§ What you need to do: Given the material below, return only the lines starting at the line with "Ταξιδέψτε στις Δαλματικές" and ending at the line with "batman vs superman injustice", exactly as they appear.

§ Source data:
+===+

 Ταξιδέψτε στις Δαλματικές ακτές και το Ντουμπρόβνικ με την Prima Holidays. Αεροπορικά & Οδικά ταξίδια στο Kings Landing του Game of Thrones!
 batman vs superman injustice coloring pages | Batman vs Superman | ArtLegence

+===+

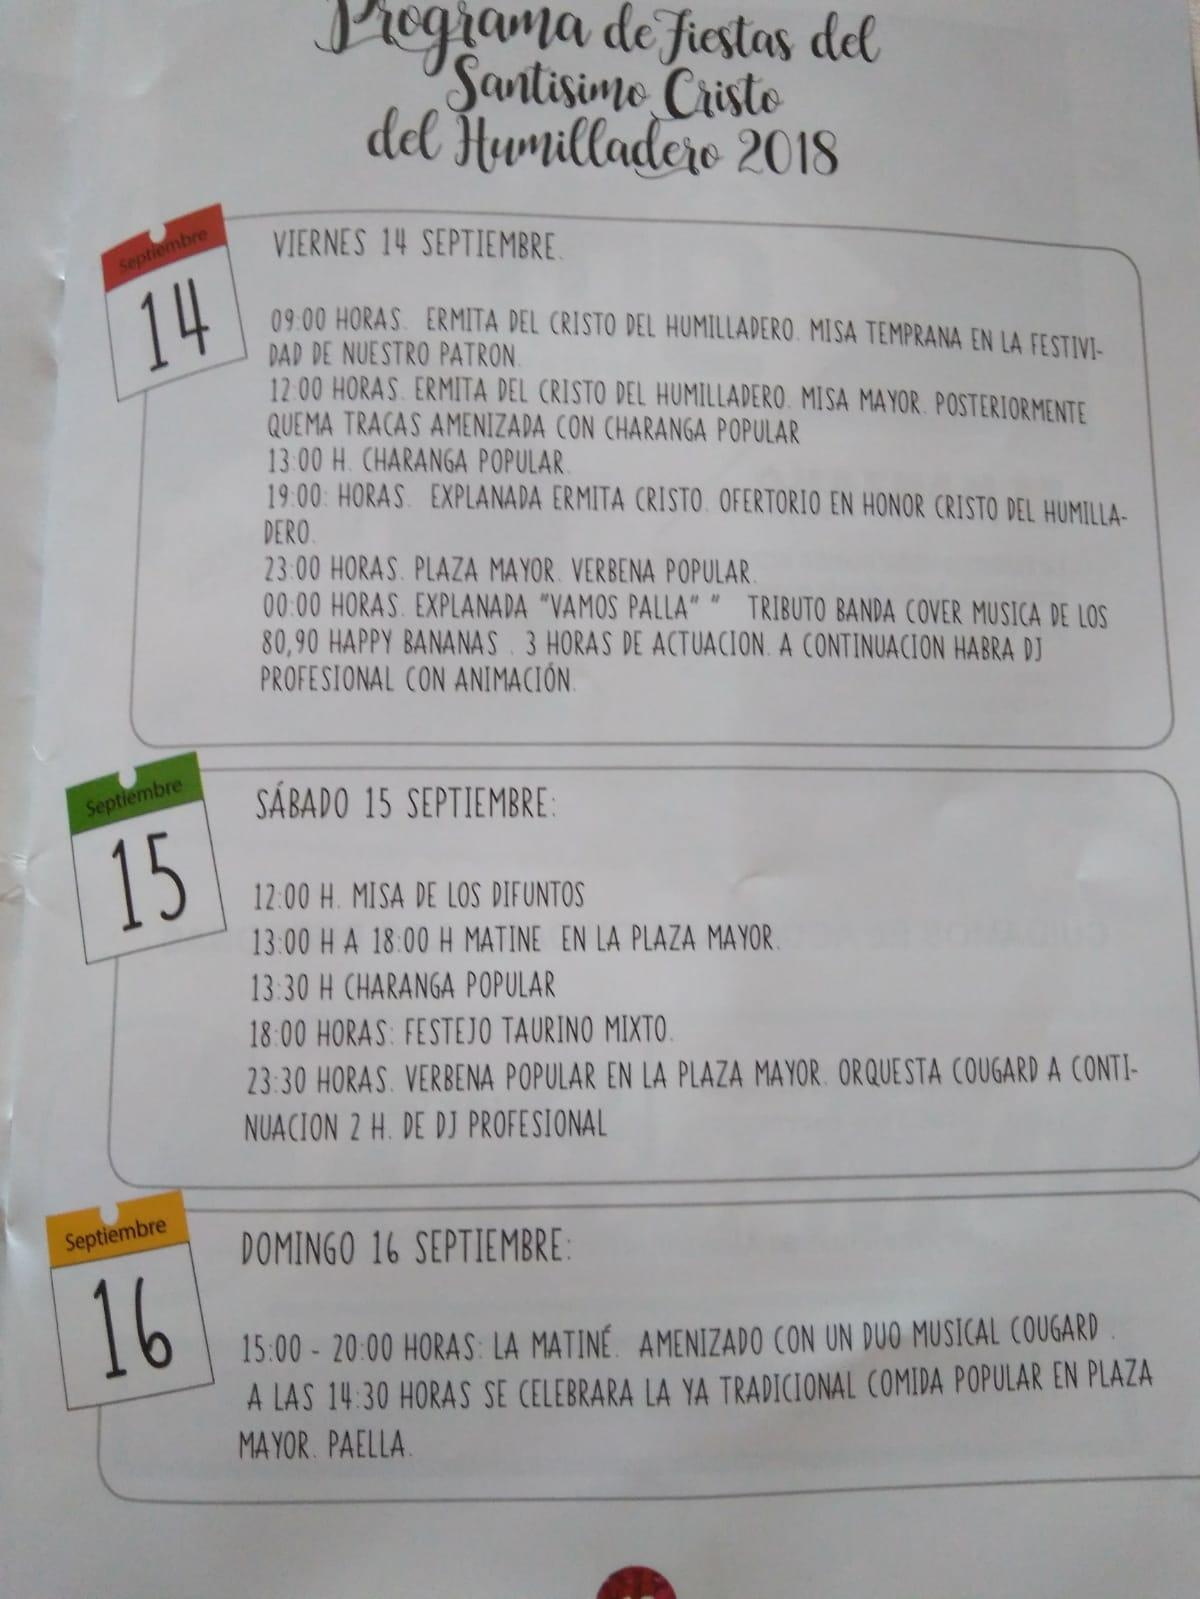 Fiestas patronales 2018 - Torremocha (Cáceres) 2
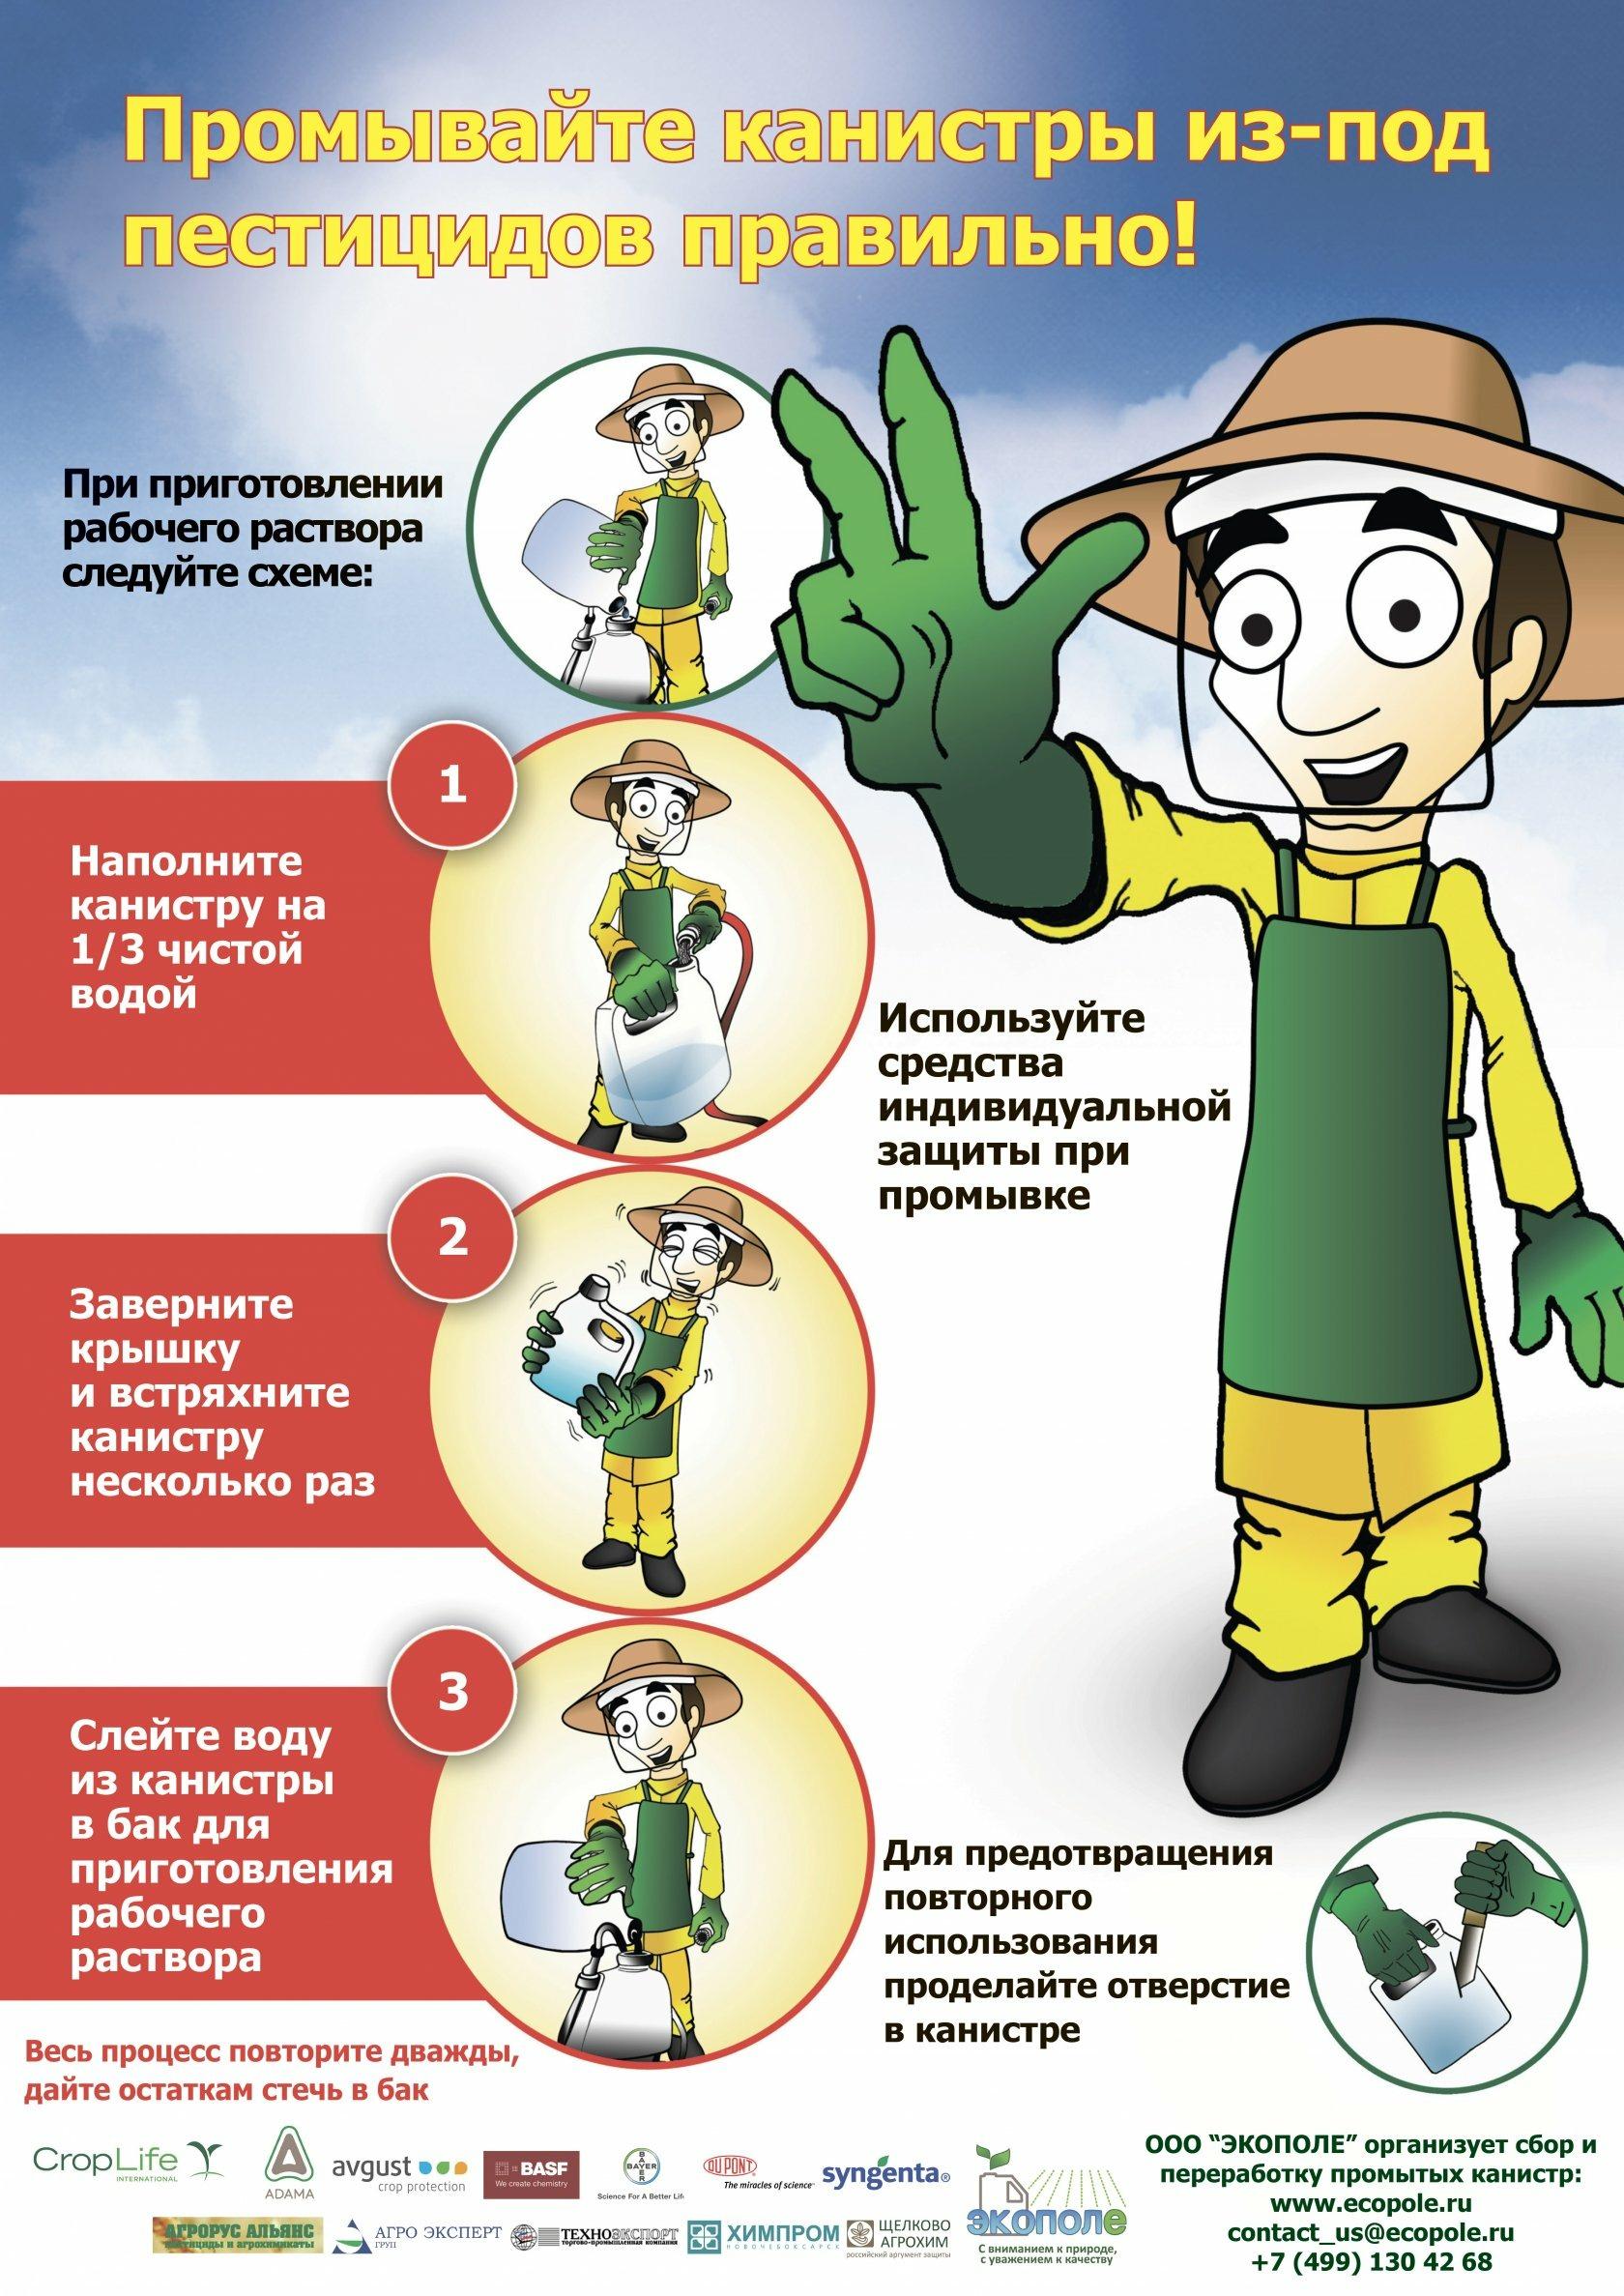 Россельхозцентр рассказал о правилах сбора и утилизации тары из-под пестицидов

+===+

§ Answer space:
 Ταξιδέψτε στις Δαλματικές ακτές και το Ντουμπρόβνικ με την Prima Holidays. Αεροπορικά & Οδικά ταξίδια στο Kings Landing του Game of Thrones!
 batman vs superman injustice coloring pages | Batman vs Superman | ArtLegence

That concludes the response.